In all honesty, I haven’t tested on MS at all – although I’ve had folks send me occasional MS fixes, and I’ve worked those in as I get them… so there’s definitely people using it with MS.
My first thought is that these are two most likely culprits (more detail to follow):
- The “Registered Users” group may be attached to the content or one of it’s ancestors. If so, the user would have access if there were no additional requirements.
- Server, MySQL, or WordPress caching may be preventing PSC from getting the most up-to-date data from the db. Try clearing your caches after removing the user, or try temporarily disabling any caching tech you’re running.
Here’s a little more detail that might help us figure out what’s going on and where:
When PSC determines access, it generates two arrays. One array contains the necessary permissions for the current page (including permissions for all ancestor pages), and the other contains the current users groups.
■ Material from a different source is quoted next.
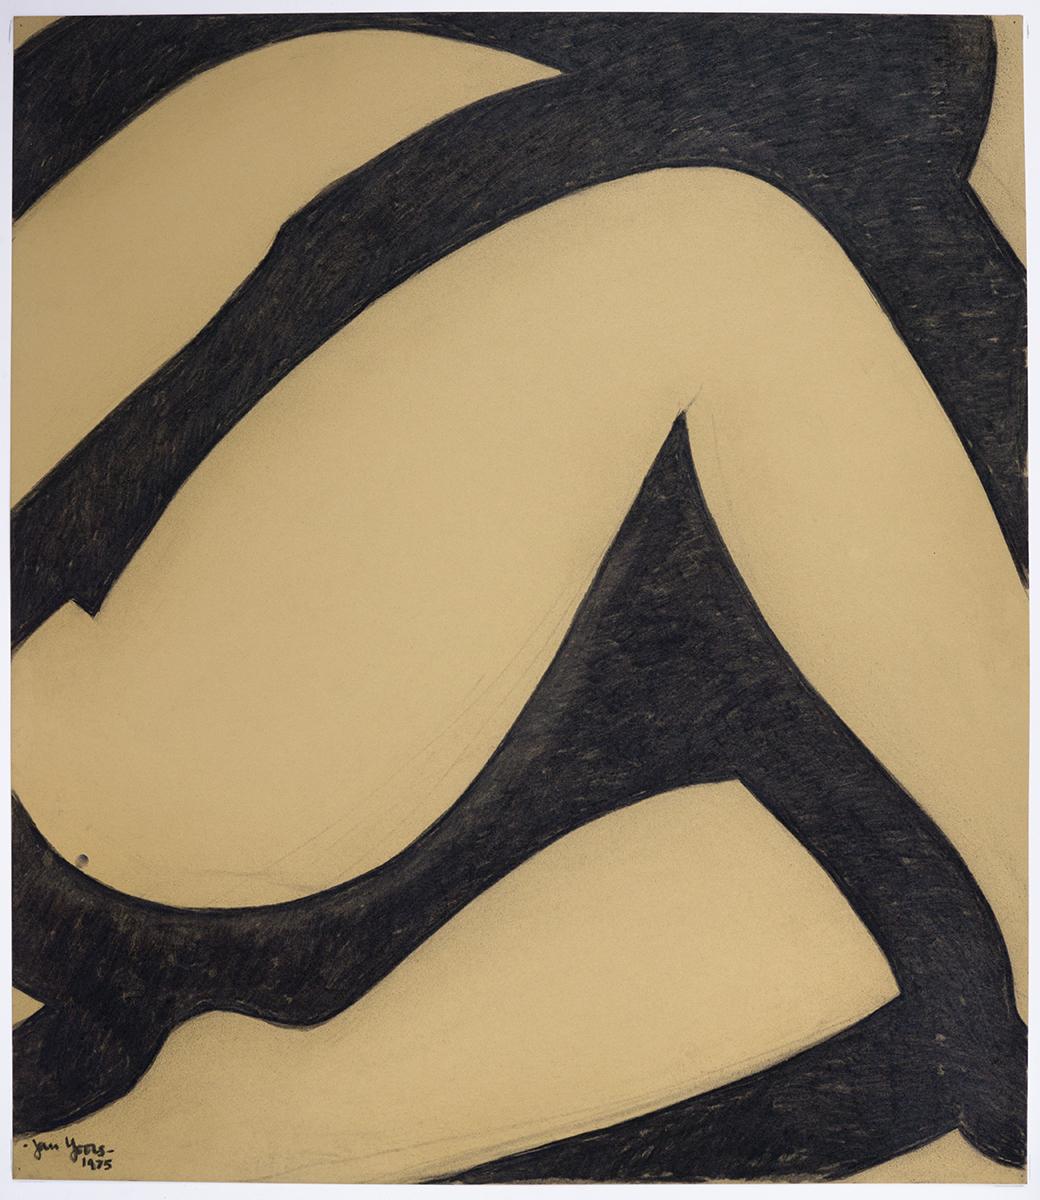 Nude (G-15.1), 1975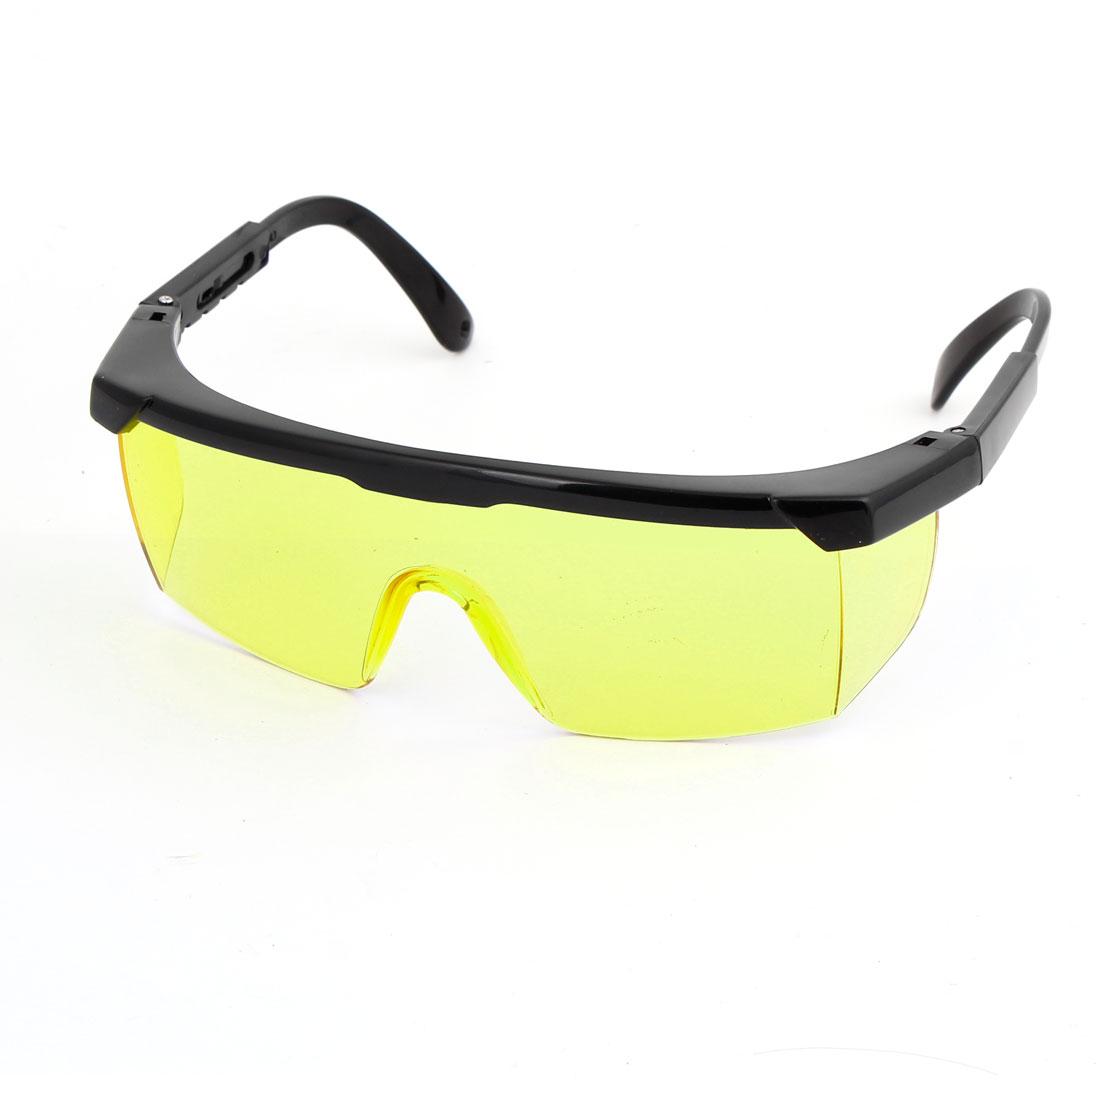 Men Protective Single Bridge Yellow Lens Black Frame Plastic Arms Safety Eyeglasses

PSC then compares the two arrays, ensuring that at least one of the groups shows up at each requirement point in the permissions array. Each array is generated on demand from the permissions & membership data in the database – so in order to pass the security check, the user has to have a group record in the PSC relationships table.
Here’s some things I would run through, just for the purpose of collecting more info:
1) Create a new user.
2) Log in with that user and see if they can access restricted page (they shouldn’t – but if they can, stop here and let me know).
3) Add the user to a group and attach that group to a restricted page
4) Try to access the restricted page with the now-authenticated user (it should work)
5) Remove the user from the group
6) Try to access the restricted content again. If they can still access the content at this point, read on.
If you made it all the way to step 6, and the user can still access the restricted content, check for the following:
1) Do you have any kind of WordPress caching enabled? This might be saving the data from the group access query even after the database has changed. This means PSC would be checking against “old” data.
2) Do you have any database/php/server caching enabled? This also might result in “old” data being used in the security check.
If you suspect either of the above cases is true, then there’s some things you can try to confirm or debunk…
1) Disable the caching, or clear the cache after user check in step 6 and see if the access is removed afterward.
2) If you have direct access to the database, check the wp_ps_group_relationships table and ensure the user is no longer in the specified group. If the record isn’t there, it’s probably a caching issue… particularly if the user didn’t have access before they were added to the group.
I know that’s a LOT. But hopefully it helps. If you still have problems after trying all this, please reply and I’ll see what else I can do to help.